OpenAI's ChatGPT chatbot excels at fixing software bugs. Its key advantage over other methods and AI models lies in its unique ability to engage in dialogue with humans, allowing it to improve the accuracy of its answers.
A study conducted by researchers from Johannes Gutenberg University Mainz and University College London compared OpenAI's ChatGPT with "standard automated program repair techniques" as well as two deep-learning approaches: CoCoNut, developed by researchers at the University of Waterloo, Canada, and Codex, OpenAI's GPT-3-based model that supports GitHub's Copilot paired programming auto code-completion service.
Also: How to get started using ChatGPT
"We found that ChatGPT performs competitively in bug fixing compared to common deep learning approaches such as CoCoNut and Codex, and notably outperforms the results achieved by standard program repair methods," the researchers stated in a recent arXiv paper, as reported by New Scientist.
The best AI chatbots: ChatGPT and other interesting alternatives to try
AI chatbots and writers can help lighten your workload by creating well-crafted emails, essays, and even solving math problems. These chatbots employ artificial intelligence to generate text or provide responses based on user input.

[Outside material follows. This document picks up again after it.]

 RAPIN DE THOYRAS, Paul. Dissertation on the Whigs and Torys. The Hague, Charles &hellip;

While ChatGPT is a popular example, there are other noteworthy chatbots available.
The potential of using ChatGPT to solve coding problems is not new. However, the researchers emphasize that its unique capacity for human-like dialogue gives it an edge over other approaches and models.

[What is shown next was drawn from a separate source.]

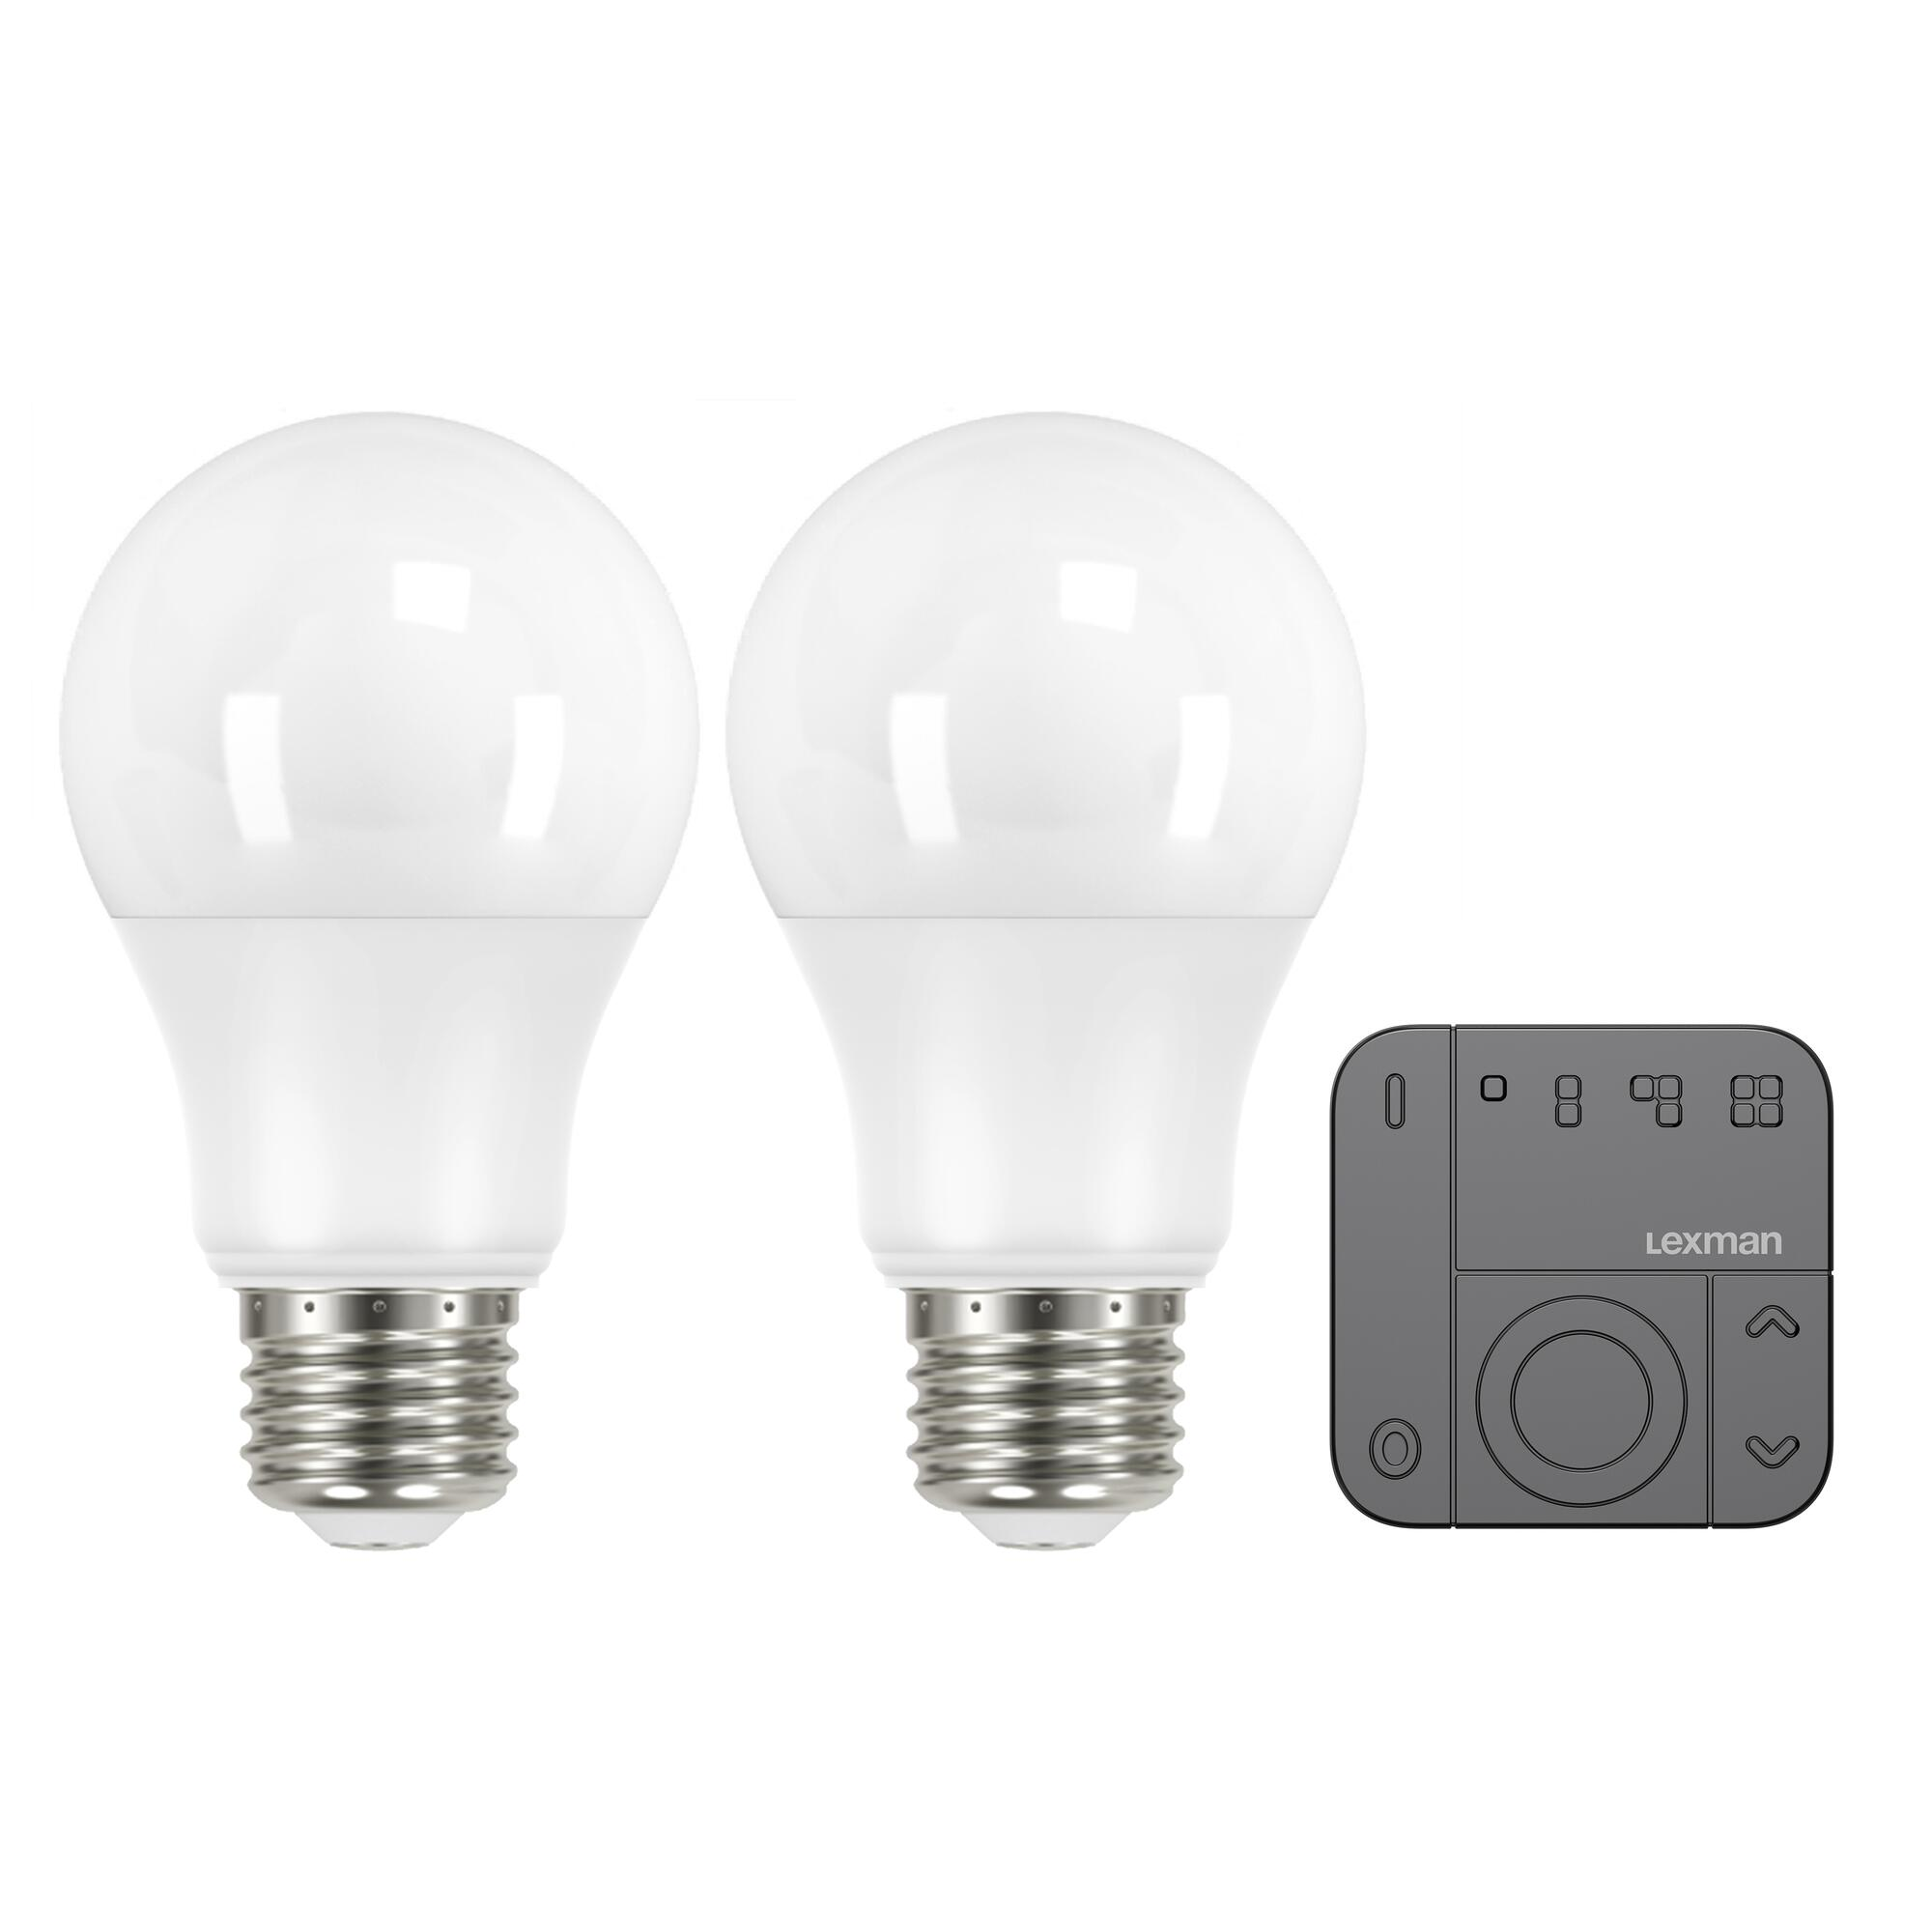 Philips Hue Ampoule White E14 Lustre pack individuel 470 lm

The researchers evaluated ChatGPT's performance using the QuixBugs bug-fixing benchmark. The automated program repair (APR) systems seem to be at a disadvantage as they were developed before 2018.
ChatGPT is built on the transformer architecture, which Yann LeCunn, Meta's AI Chief, highlighted this week as being developed by Google. Codex, CodeBERT from Microsoft Research, and its predecessor BERT from Google are all based on Google's transformer method.

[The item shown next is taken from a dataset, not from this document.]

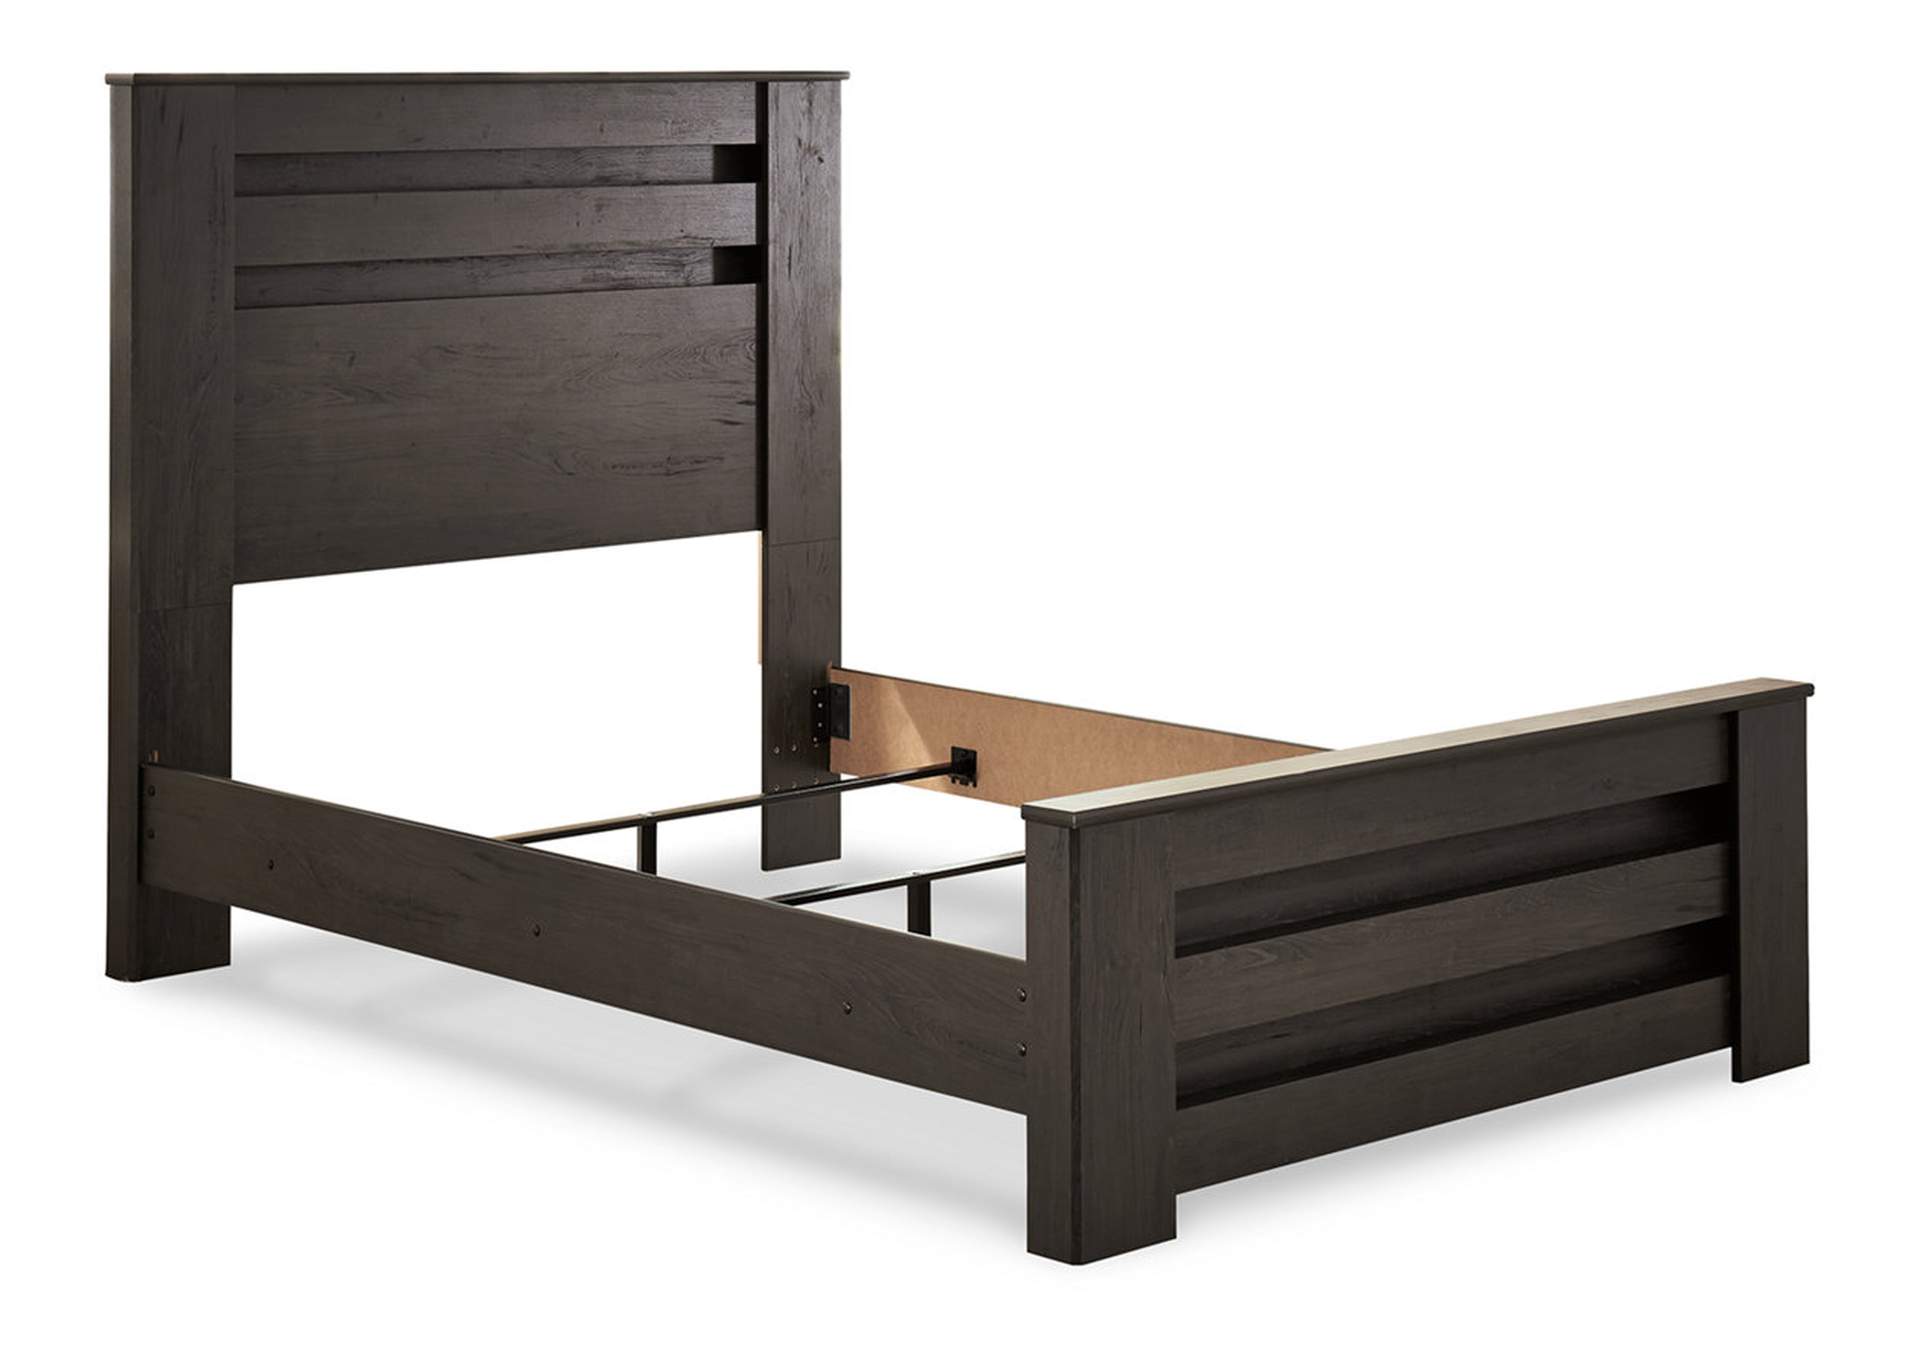 Brinxton Full Panel Bed,Signature Design By Ashley

OpenAI highlights ChatGPT's dialogue capabilities in examples for debugging code, where it can seek clarifications and receive hints from users to arrive at better answers. ChatGPT's underlying large language models (GPT-3 and GPT 3.5) were trained using Reinforcement Learning from Human Feedback (RLHF).
While ChatGPT's ability to engage in discussion aids in reaching more accurate answers, the researchers note that the quality of its suggestions remains unclear. This led them to assess ChatGPT's bug-fixing performance.
The researchers tested ChatGPT on 40 Python-only problems from QuixBugs, manually verifying whether the suggested solutions were correct. They conducted four query repetitions due to the inherent randomness in ChatGPT's answer reliability, as discovered by a Wharton professor during an MBA-like examination.
ChatGPT successfully solved 19 out of the 40 Python bugs, comparable to CoCoNut (19) and Codex (21). Standard APR methods, on the other hand, only resolved seven issues.
The researchers found that ChatGPT's success rate increased to 77.5% with follow-up interactions.
The implications for developers in terms of effort and productivity are somewhat unclear. Stack Overflow recently prohibited answers generated by ChatGPT due to their low quality, although they seemed plausible. The Wharton professor found that ChatGPT could be a valuable companion to MBA students, acting as a "smart consultant" generating eloquent yet often incorrect responses, thereby fostering critical thinking.
"This demonstrates that human input can significantly aid automated APR systems, with ChatGPT serving as a medium to facilitate this collaboration," the researchers concluded.
"Despite its remarkable performance, we must question whether the mental effort required to verify ChatGPT's answers outweighs its advantages."